When i was getting some fishing tackle at the store last weekend i saw sone quick silver two stroke synthetic mix and it was fairly cheap wondering if anyone had any experience with it.i run synthetic mix in my chainsaws a lot and had good results less smoke seems to run a little cooler and heard of a few saws tore down for repairs that had been running it and they were super clean and head and pistons looked new still.thinking of trying a tank of it Saturday just thought someone else might of already .


----------



## AllOutdoors (Aug 20, 2014)

I guess it depends on what your running it in and what the manufacturer of your engine recommends. If it meets your engines requirements... then it should be ok.


----------



## JL8Jeff (Aug 21, 2014)

I ran the Amsoil synthetic in my 99 Johnson 40 hp as premix and it ran fine.
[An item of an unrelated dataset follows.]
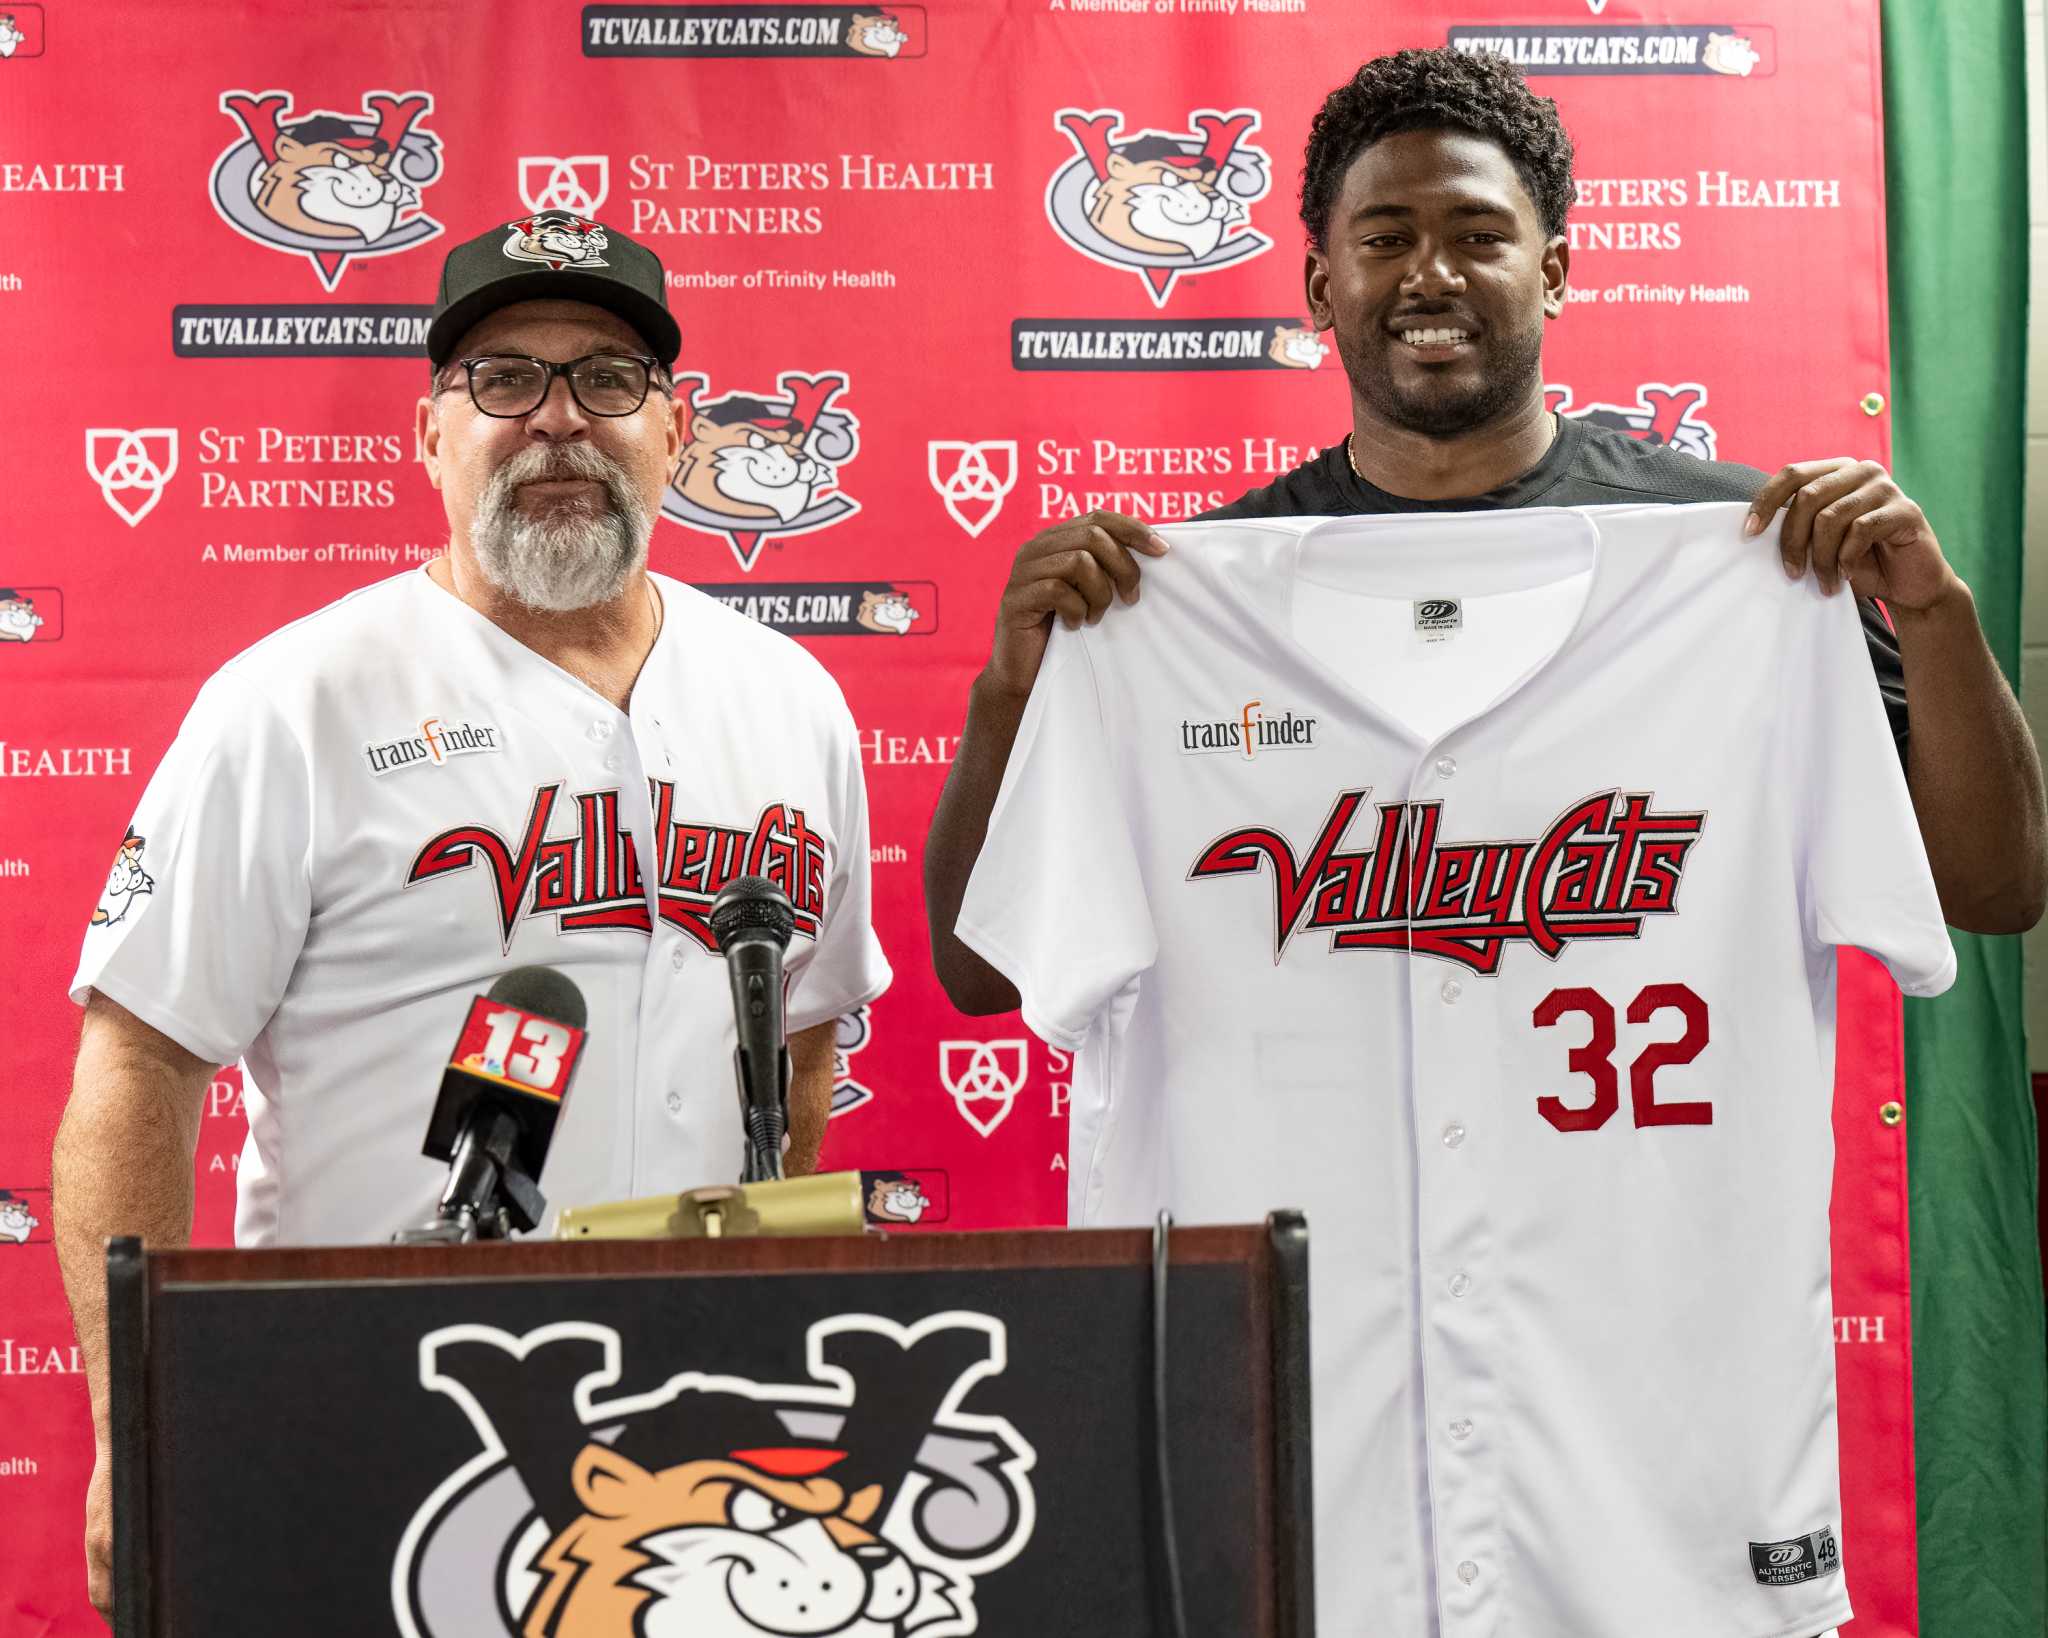 ValleyCats pitcher Kumar Rocker glad to be back on field - Times Union

I never really checked the motor when I sold it so I can't say if it kept the motor cleaner or not. Definitely less smoke running 80:1 or 100:1 premix ratio with it.


----------



## SaltyGhost (Aug 22, 2014)

I have a 2-cycle Stihl weed-wacker and if you use full synthetic oil with it they double the warranty. I don't know if it's better or not but they seem to think so.


----------



## Jeeper (Aug 22, 2014)

I just went up to the marina and all they had was this synthetic mix says quicksilver right on it and I double checked with the guy working there and he said that is what they are recommending now so I didn't have much choice went ahead and picked up a gallon.


----------